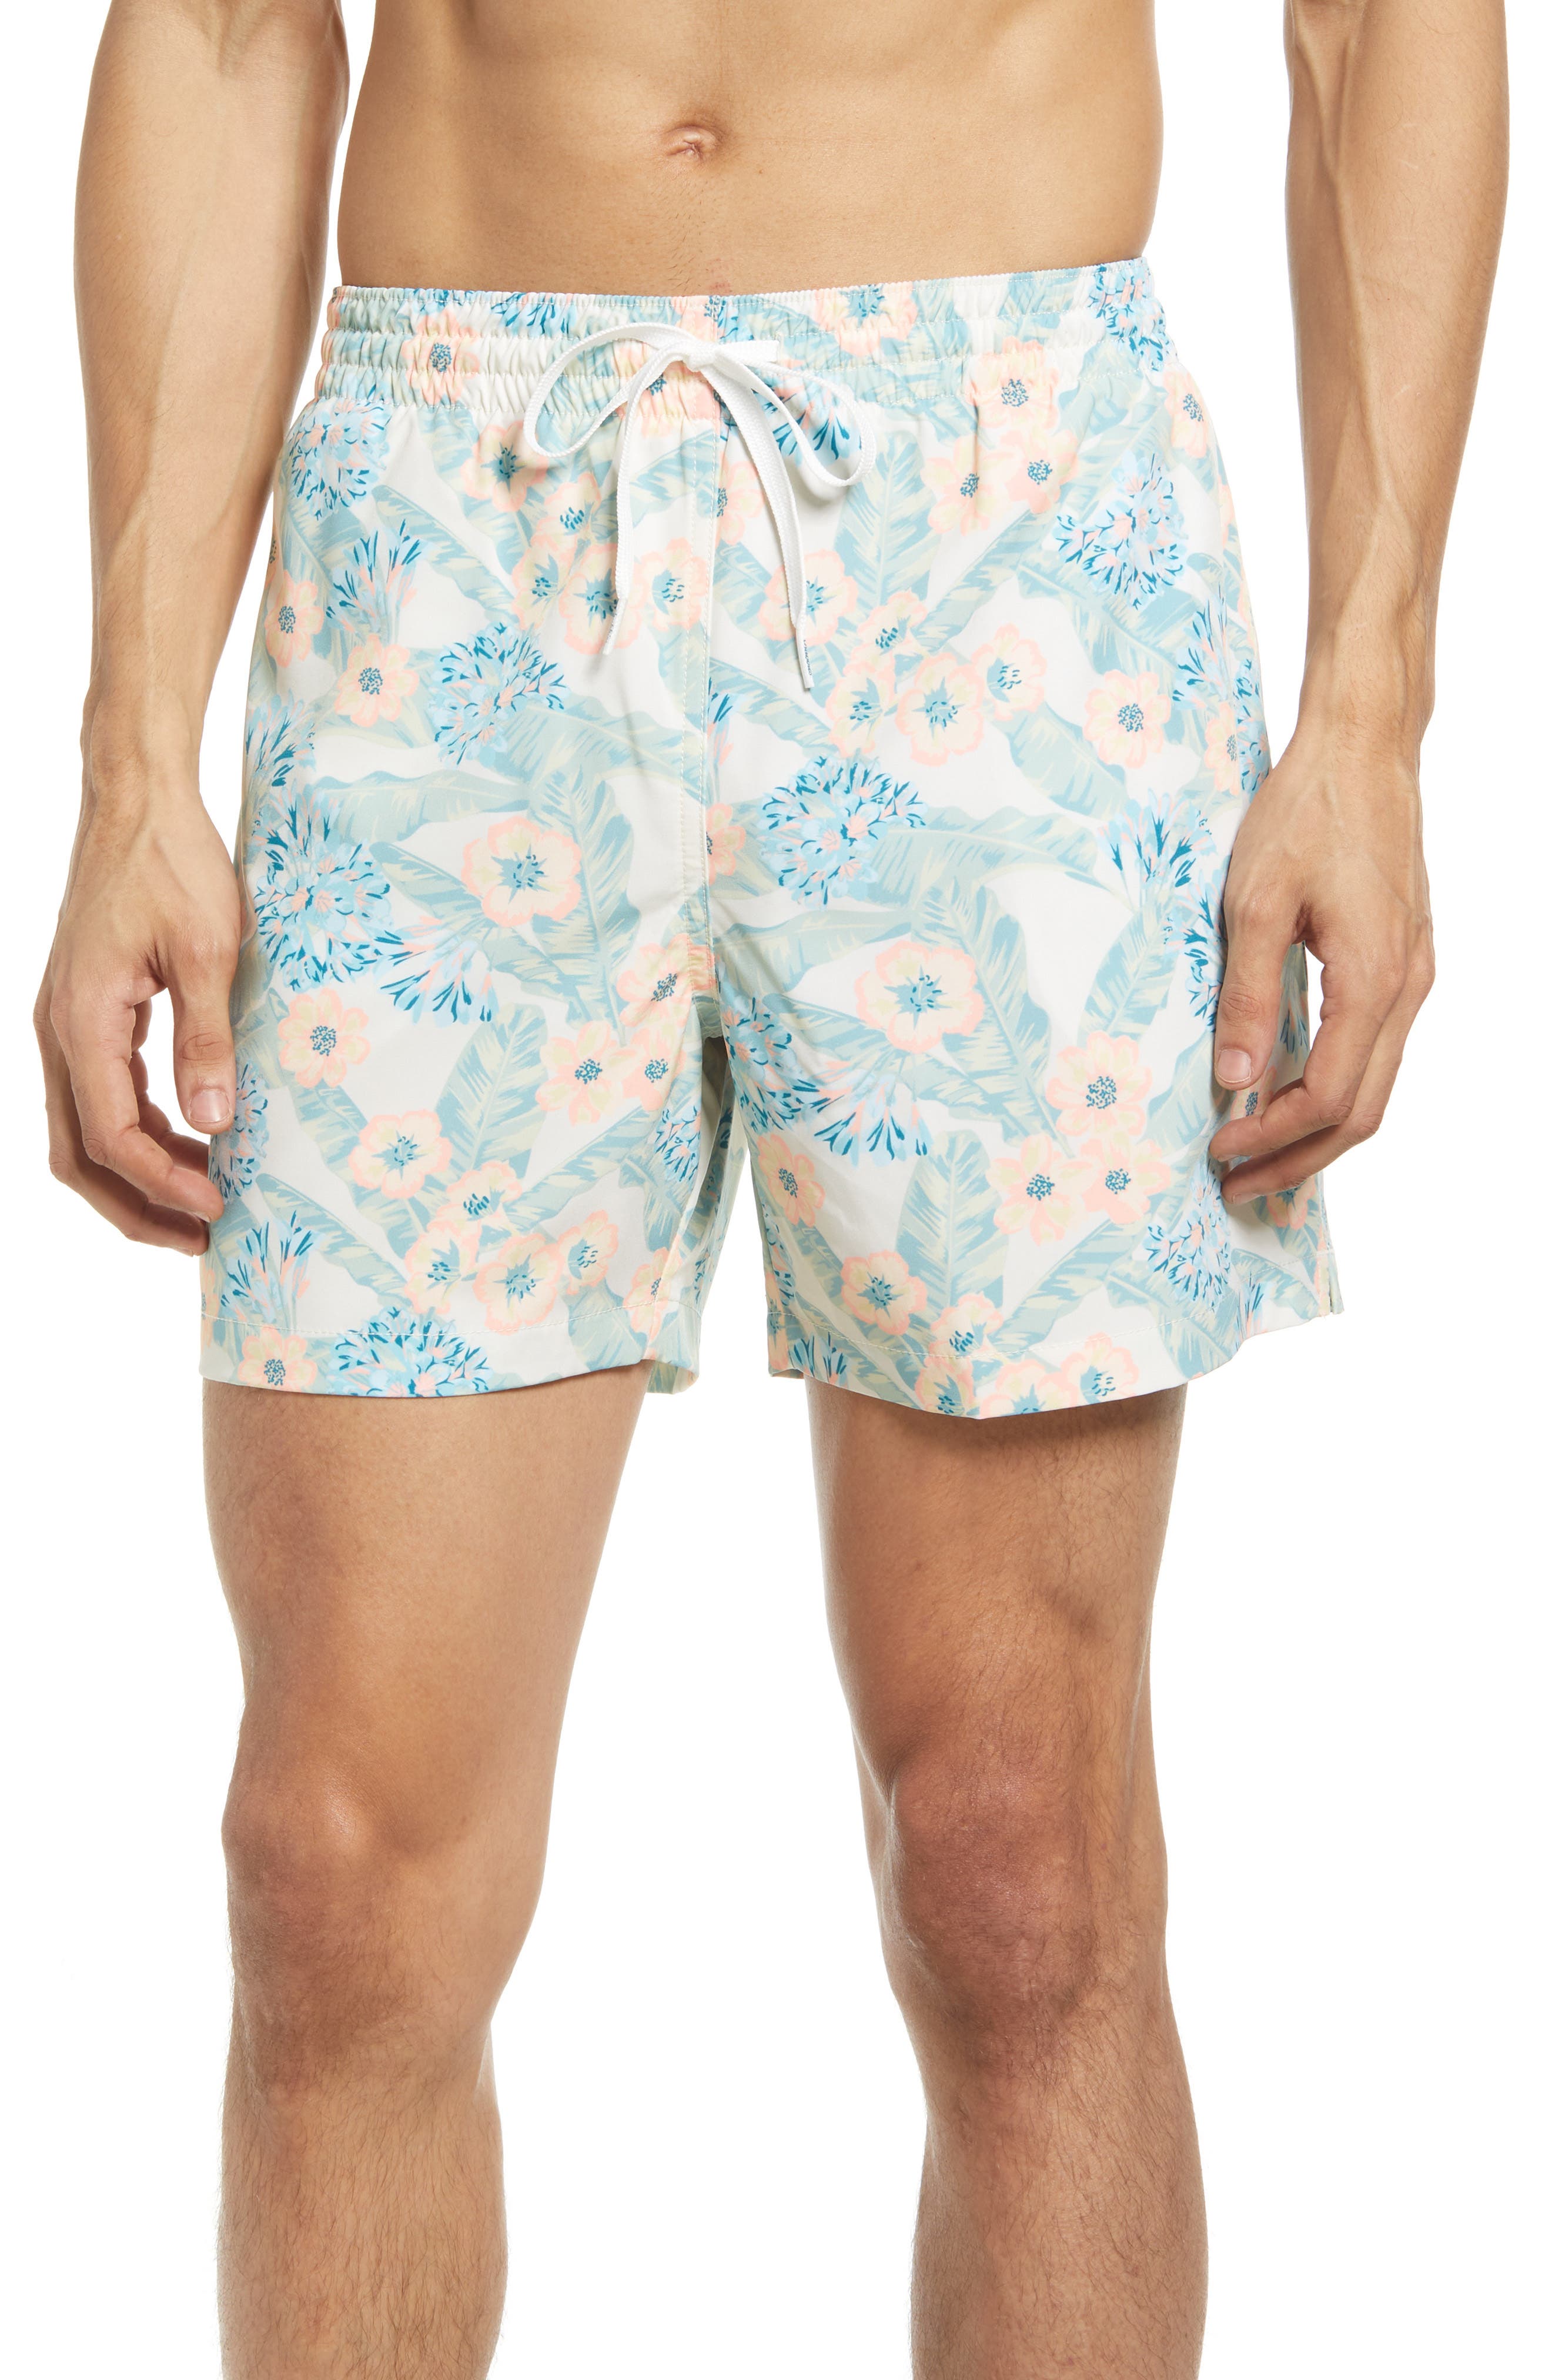 Scaling-men short Swim Trunks for Men Briefs Slim Quick Dry Surf Swimwear Watershorts Beach Short Pants Plus Size 
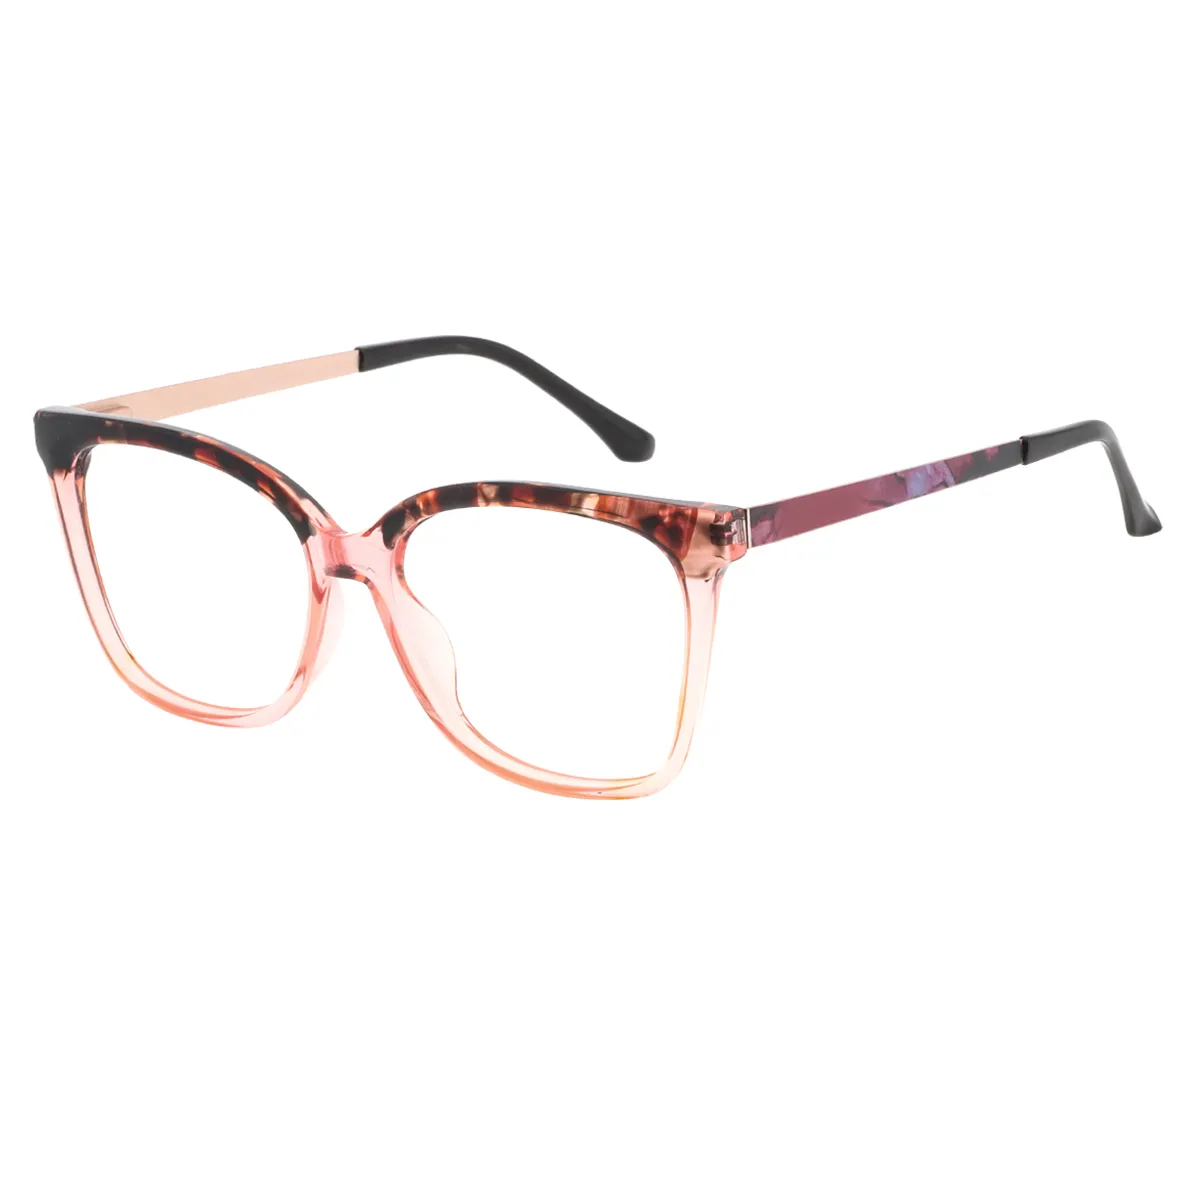 Lana - Square Pink Glasses for Women
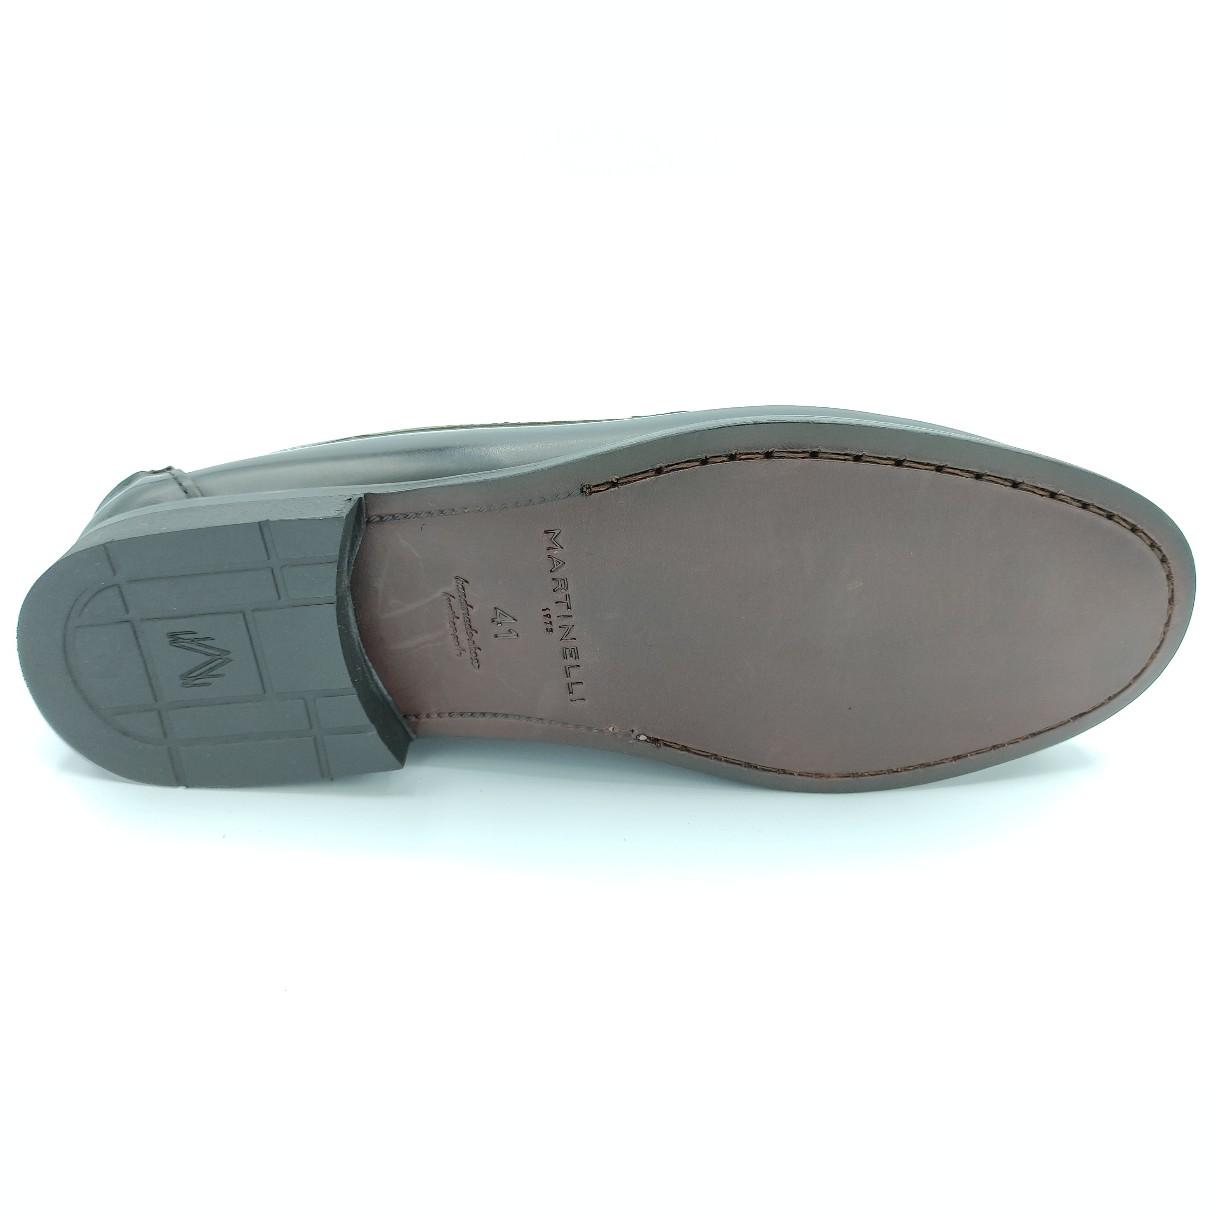 Zapato castellano negro de Martinelli - Calzados Ardura
........
Exercise aim >> Repeat the data above word for word, without pictures.

Expected answer >>
 Scaling-men short Swim Trunks for Men Briefs Slim Quick Dry Surf Swimwear Watershorts Beach Short Pants Plus Size 
 Lana - Square Pink Glasses for Women
 Zapato castellano negro de Martinelli - Calzados Ardura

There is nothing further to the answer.